» **Exercise**: Set out exactly, line by line, the stretch of data below that begins at the line containing "Use Tattoos as" and ends at the line containing "Oxbow Simple Rewards", with both ends kept.

==== Source material

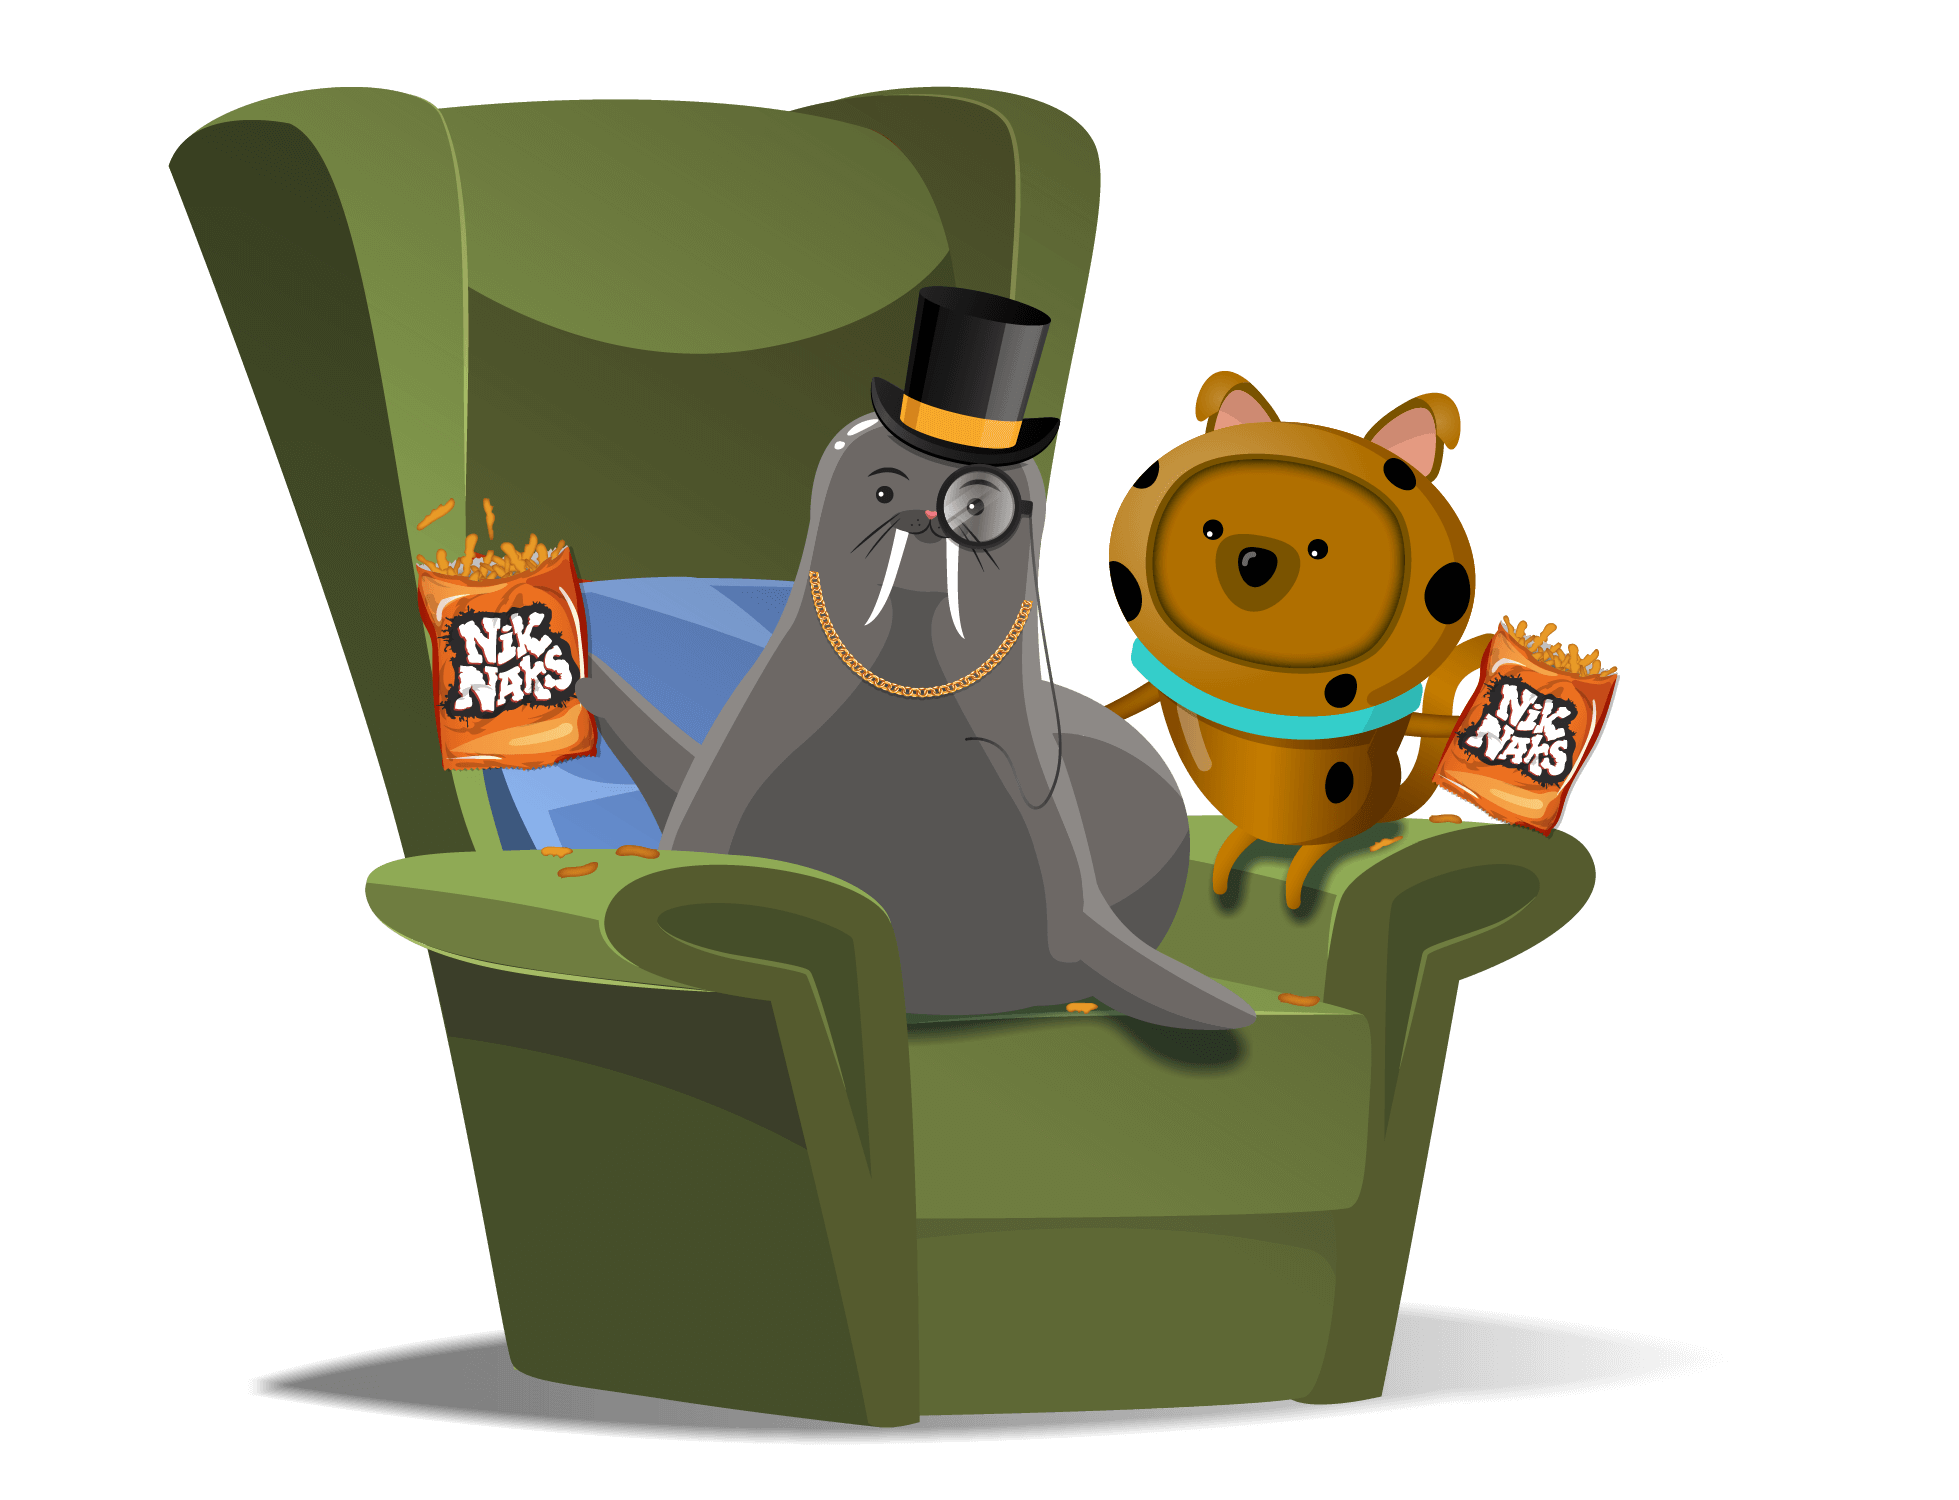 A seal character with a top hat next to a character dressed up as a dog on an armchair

========
==== Source material

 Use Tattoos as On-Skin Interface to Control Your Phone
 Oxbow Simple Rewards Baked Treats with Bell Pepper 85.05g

========

» **Task solution**:
 Use Tattoos as On-Skin Interface to Control Your Phone
 Oxbow Simple Rewards Baked Treats with Bell Pepper 85.05g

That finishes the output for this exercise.